Biotech Giant Amgen Misses Street's Expectations
Amgen (AMGN), the world's largest biotechnology company, reported fourth-quarter results that missed Wall Street's expectations, as a 2% increase in sales failed to translate into a stronger bottom line. The quarter was a somewhat expected disappointment, as its adjusted earnings per share decreased 1% to $1.05 per share, below analyst estimates of $1.16 per share, according to Thomson Reuters.For the full year, Amgen earned $4.91 per share versus $4.55 in 2008, and below consensus of $4.99 per share. Total revenue increased during the quarter to $3.81 billion versus $3.75 billion in the fourth quarter of 2008, but was slightly below estimates of $3.85 billion. For the full year 2009, total revenue decreased 2% to $14.64 billion from $15 billion in 2008, and slightly below projections of $14.68 billion.
Anemia Drugs' Sales Mostly Decline
Investors, who worried about Amgen's anemia drugs ahead of the release found their concerns warranted. Worldwide sales of anemia drug Aranesp decreased 8% to $648 million in the fourth quarter of 2009, with U.S. Aranesp sales down 20% to $288 million. Amgen blamed the lower demand on several factors, including the product label change in August 2008 to add a warning, and a decrease in average net sales price.
But new study data published in October further heightened safety concerns, showing that Aranesp nearly doubled the risk of stroke in people with diabetes and chronic kidney problems. The U.S. Food and Drug Administration plans to re-examine safety issues on the drugs
Sales of another anemia drug, Epogen, however, increased 9% to $703 million in the quarter, primarily due to an increase in demand coming from patient population growth, increased dose utilization and an increase in average net sales price. But sales of Enbrel were relatively unchanged in the fourth quarter of 2009 at $912 million.
Combined worldwide sales of Neulasta and Neupogen, drugs that stimulate the production of neutrophils (a type of white blood cell) in the blood, increased 2% to $1.20 billion in the fourth quarter. There was a slight decrease in the U.S. as a mid-single digit increase in demand, caused by an increase in sale price, was offset by unfavorable changes in wholesaler inventories.
Company's Hopes Rest On Bone Drug
Going forward, investors are looking at Amgen's osteoporosis drug denosumab for growth. Indeed, Kevin Sharer, Chairman and CEO said, "We delivered solid performance in 2009 and look forward to growing our top and bottom line meaningfully in 2010." He added, "We are ready and look forward to launching denosumab worldwide this year."
But that, for now, has proven easier said than done. Denosumab, or its brand name Prolia, is a potential future blockbuster osteoporosis drug and so far it has met with some resistance by the FDA in October, with the agency requesting more information, specifically, a risk-mitigation plan.
Amgen announced that it has submitted the information requested by the FDA, which is crucial for the process. It also said the results from the prostate study are expected in the first quarter of 2010. The company discussed the worldwide submission of a Biological License Application later this year for the treatment of skeletal related events in advanced cancer patients.

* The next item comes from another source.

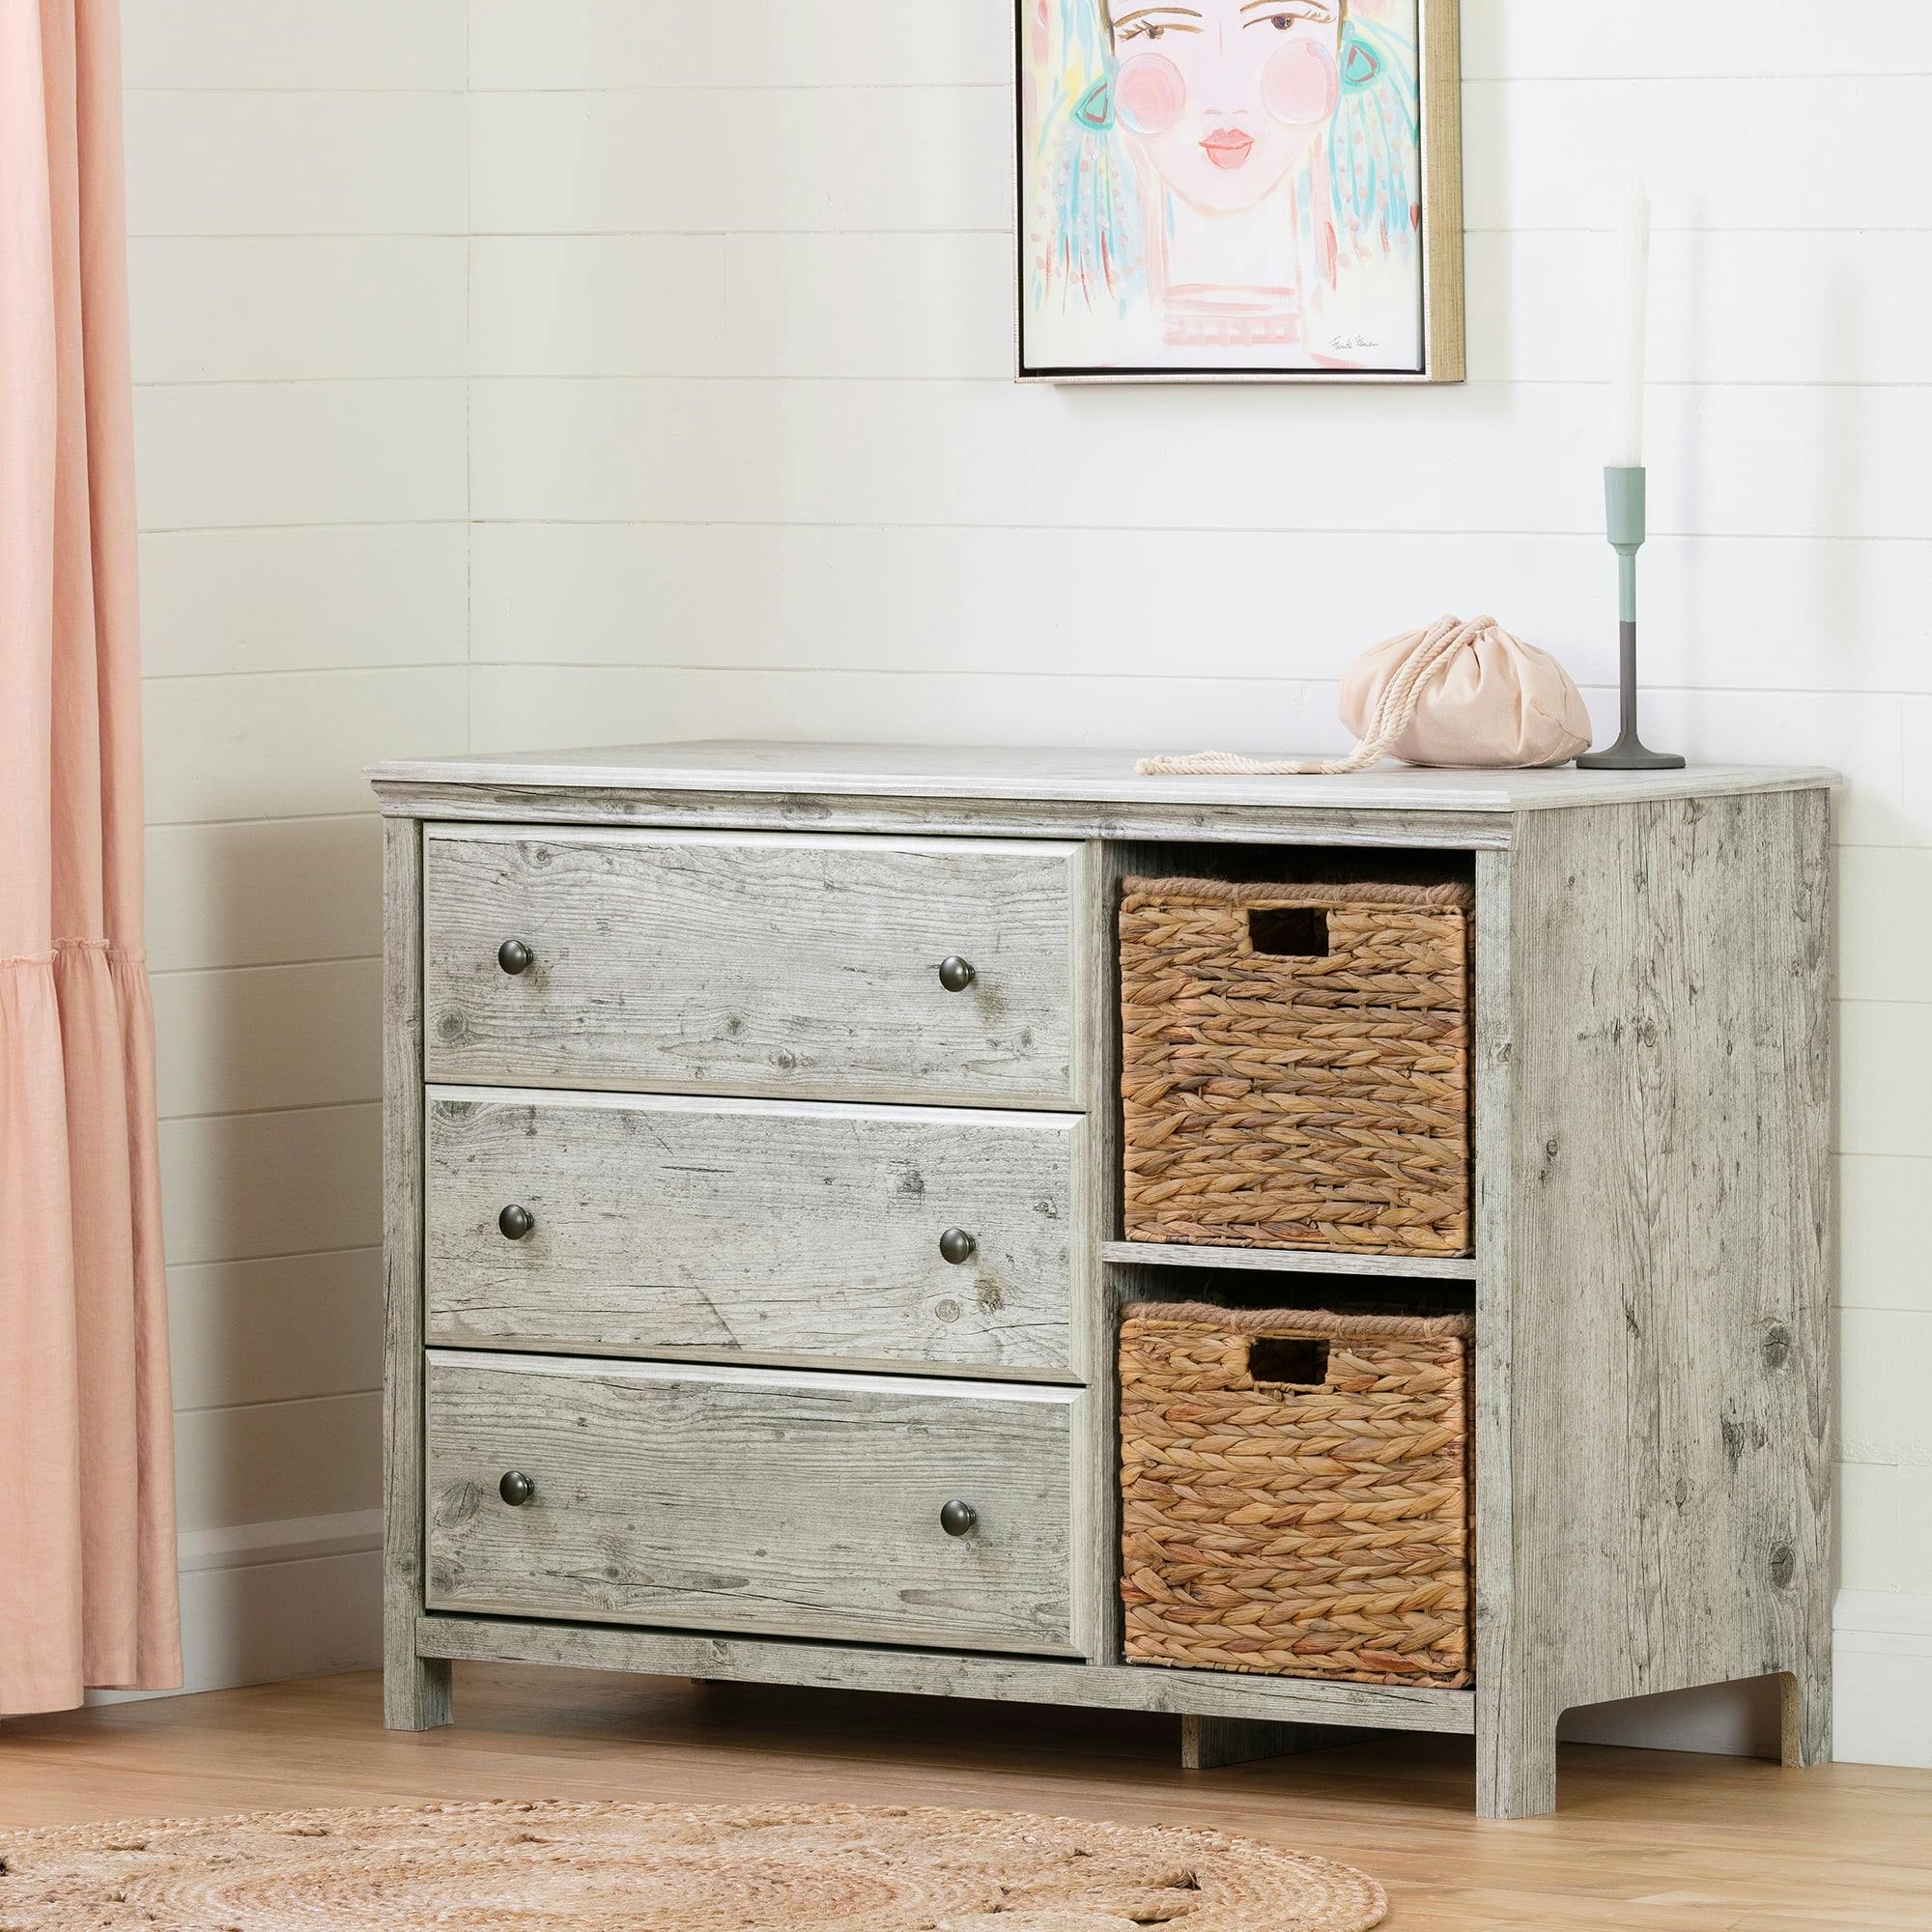 Seaside Pine Cottage-Style 3-Drawer Dresser with Baskets

In addition, Amgen announced that it anticipates data from the late-stage bone metastasis prevention study in prostate cancer in the second half of 2010. Also, the FDA has approved Amgen's bone metastasis study in breast cancer patients. As well, a male osteoporosis study is enrolling subjects.
It's these latest studies that give some investors hope for a mega-blockbuster potential with analysts throwing such numbers as $14 billion in annual revenue by 2014 for the drug.
With regards to its other pipeline potentials, Amgen says it anticipates the completion of a late-stage trial for cardiovascular drug Sensipar/Mimpara. It says that it's nearly complete in the late-stage, first-line non-small cell lung cancer study on Motesanib. It also announced it will initiate AMG 386 late-stage program in ovarian cancer. Management sounded very confident about its pipeline.
Amgen expects total revenue for 2010 to be in the range of $15.1 billion to $15.5 billion and adjusted earnings per share to be in the range of $5.05 to $5.25, excluding certain expenses. These are in line with Wall Street's expectations.
Over the last 12 months, Amgen stock has risen 4.7%, underperforming its peers and broader market. The company has lowered Wall Street's expectations recently despite managing to deliver solid results in previous quarters and in this one. With Amgen's $5 billion in stock buyback plan and possible good news from the denosumab front, Amgen stock could see better days ahead.